Friday, March 19, 2021

A Hero of Two Koreas


Not every man has what it takes to defeat an armada with 13 ships. But then again, not every man is Admiral Yi Sun-Shin. 


Today, the 16th-century admiral is one of the most-revered military figures in both Koreas—if not the most-revered. From his early days in the army of Joseon Korea, he has stood a cut above the rest. 


At 37, he was able to lead his troops to success against the invading Jurchens, even capturing the Jurchen chief. But instead of rejoicing at his conquest, superior officers grew insecure in their own positions, which culminated in a plot to frame Yi for desertion. Yi was arrested and tortured for his alleged crime. 

Demoted to foot soldier after his release, Yi gradually worked his way back up the ranks with his own capabilities. At 45, he was promoted to admiral in the Joseon navy despite having no prior naval experience. He fended off many attacks by the Japanese, becoming one of the Japanese military’s greatest adversaries. 


To get around Yi, the Japanese sent a spy into the Joseon court to leak bits of false intel to the Koreans. This spy told the Joseon military that the Japanese were planning an attack and that Admiral Yi should prepare an ambush in a certain spot. 


But the admiral correctly identified this advice as a trap. He refused to follow the misguided order, which got him jailed and tortured yet a second time and also sentenced to death. His supporters managed to persuade the king to change his mind, but Yi had to become a foot soldier once again. 


The admiral’s successor was not as brilliant as he was and soon whittled down the Korean fleet to 13 ships after a series of naval losses. Yi was quickly reinstated as admiral to turn the situation around.


With just 13 ships, he defeated a Japanese fleet of 333 at the Battle of Myeongnyang and left the battle with all 13 ships intact. This move thoroughly crippled the Japanese effort to take Korea, and Japan eventually brokered peace after the Battle of Noryang. It was the admiral’s last battle, and he was tragically killed in action.

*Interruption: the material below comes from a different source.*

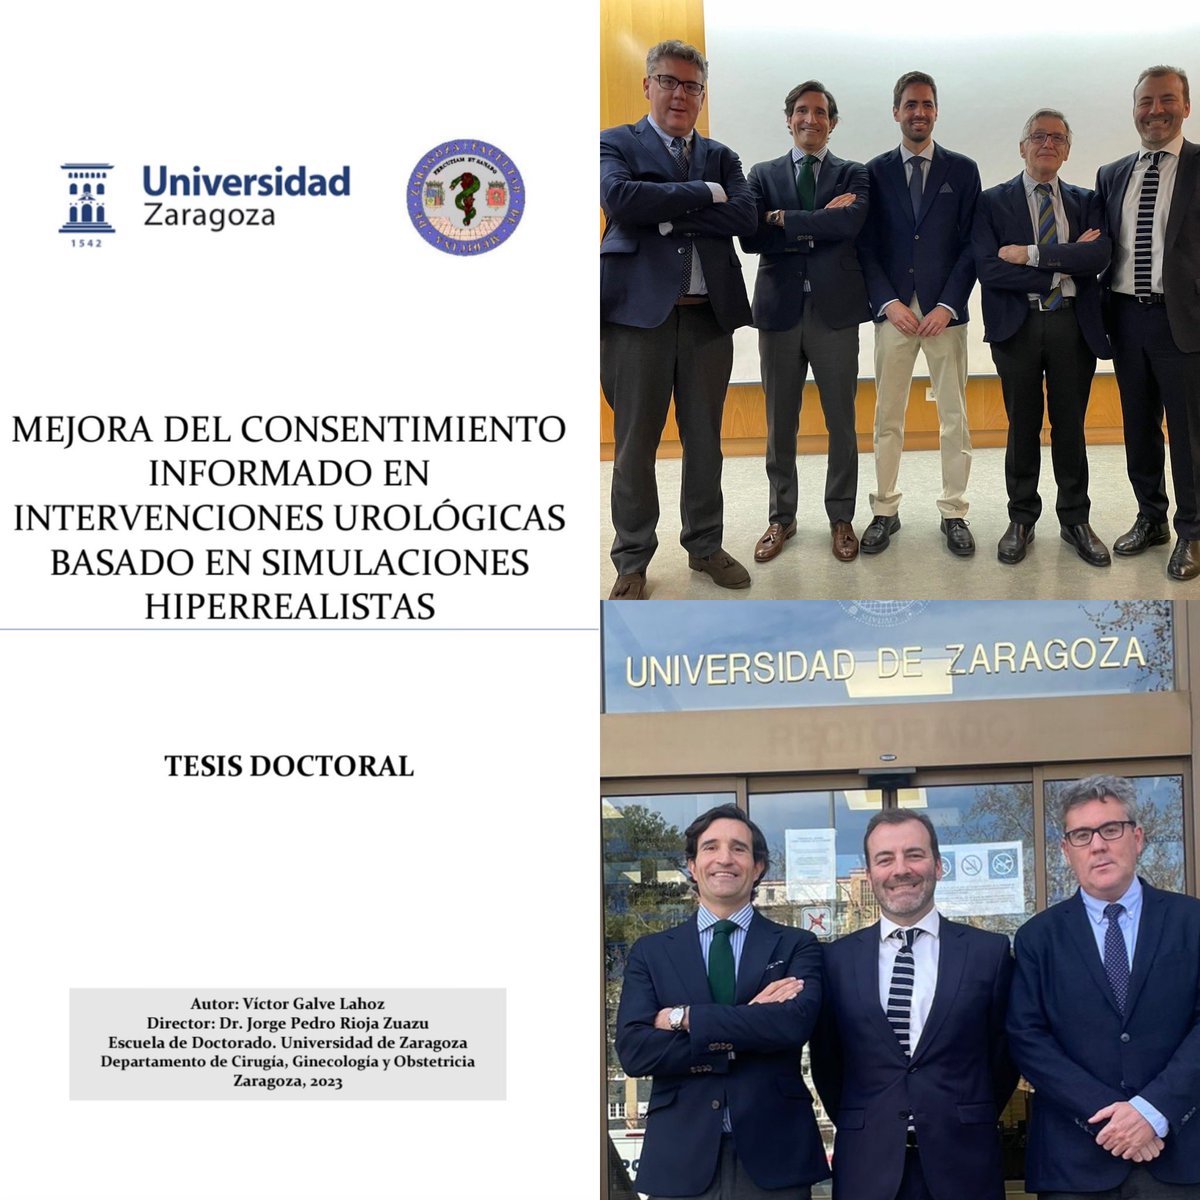 Special day, Víctor Gálvez defended his doctoral thesis at zaragoza University. Directed by @jorgeprioja very meticulous work and surprising for its originality, congratulations! In the Tribunal that I have had the honor of presiding, I have been accompanied by @malvarezmaestro
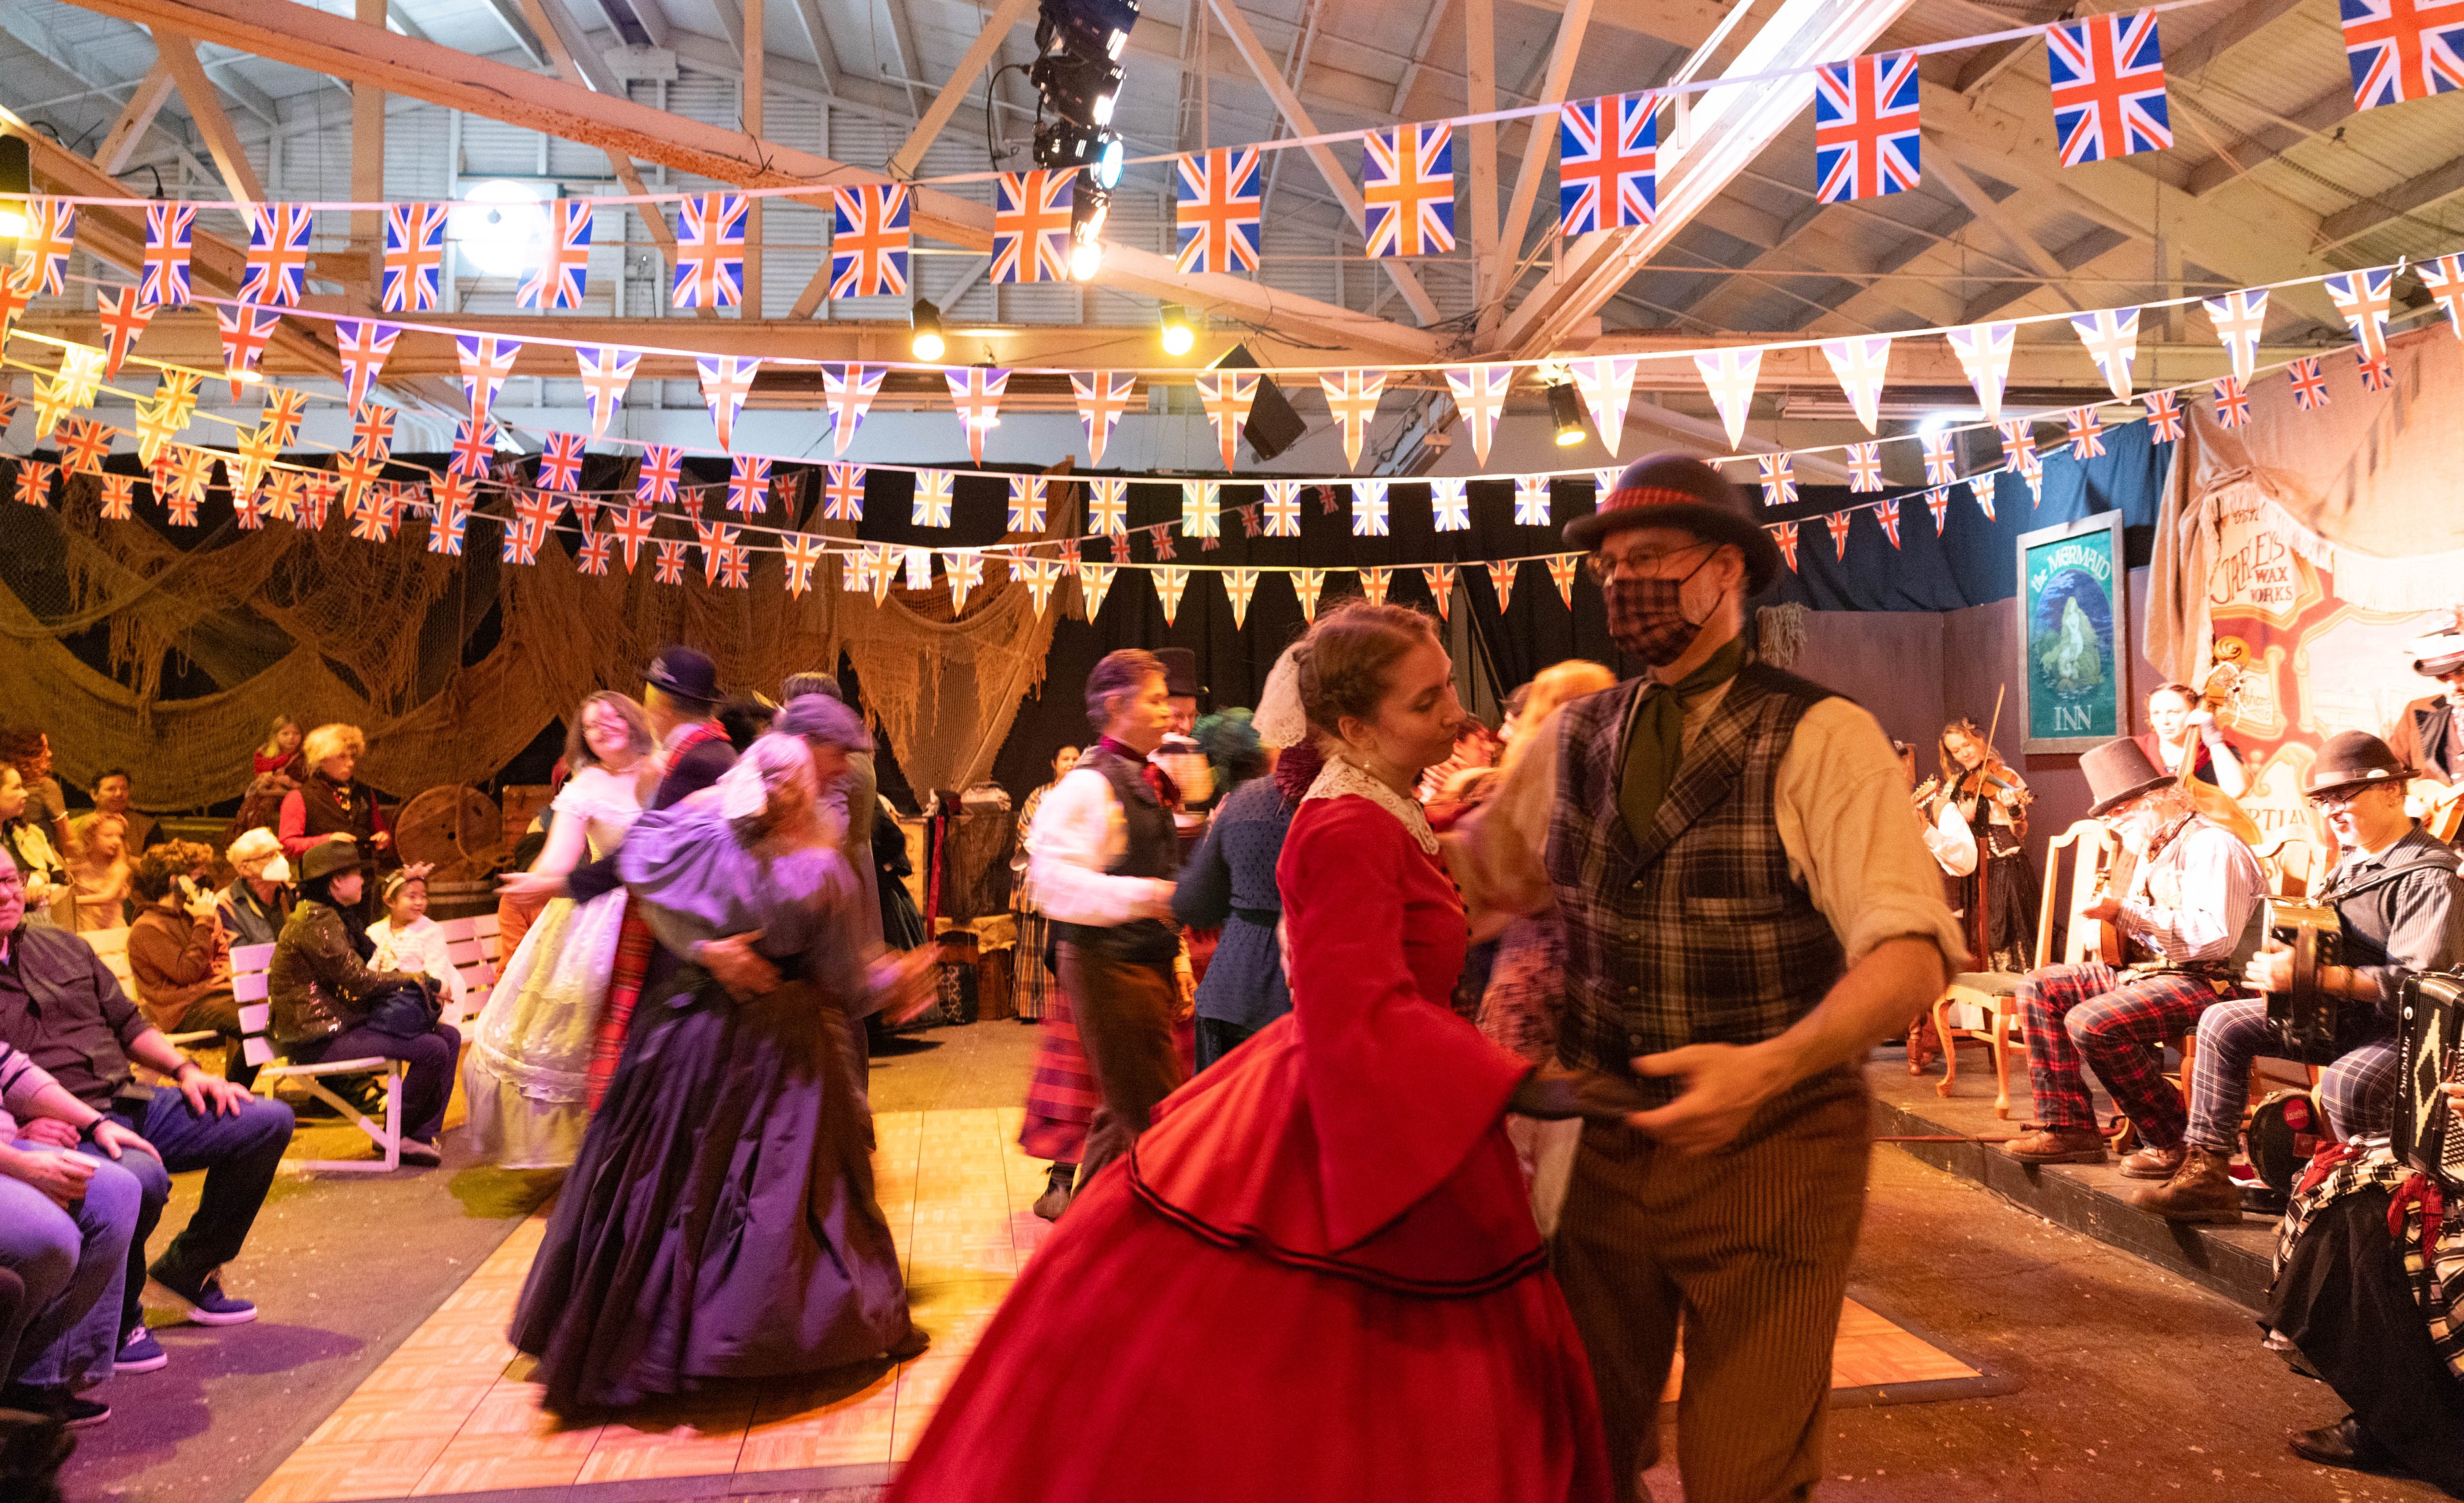 Couples dance while clad in Victorian era clothing at the Great Dickens Christmas Fair.

Not wanting to unnerve his troops, some of his last words were “We are about to win the war! Do not announce my death!” 


Admiral Yi’s posthumous name reflects the impact of his legacy on the Korean nation: Chungmu, meaning “loyal warrior.” 


There could hardly be a better name for a man who could still fight for a nation whose leaders had twice betrayed him—and hardly a worthier man to be included in the annals of war heroes.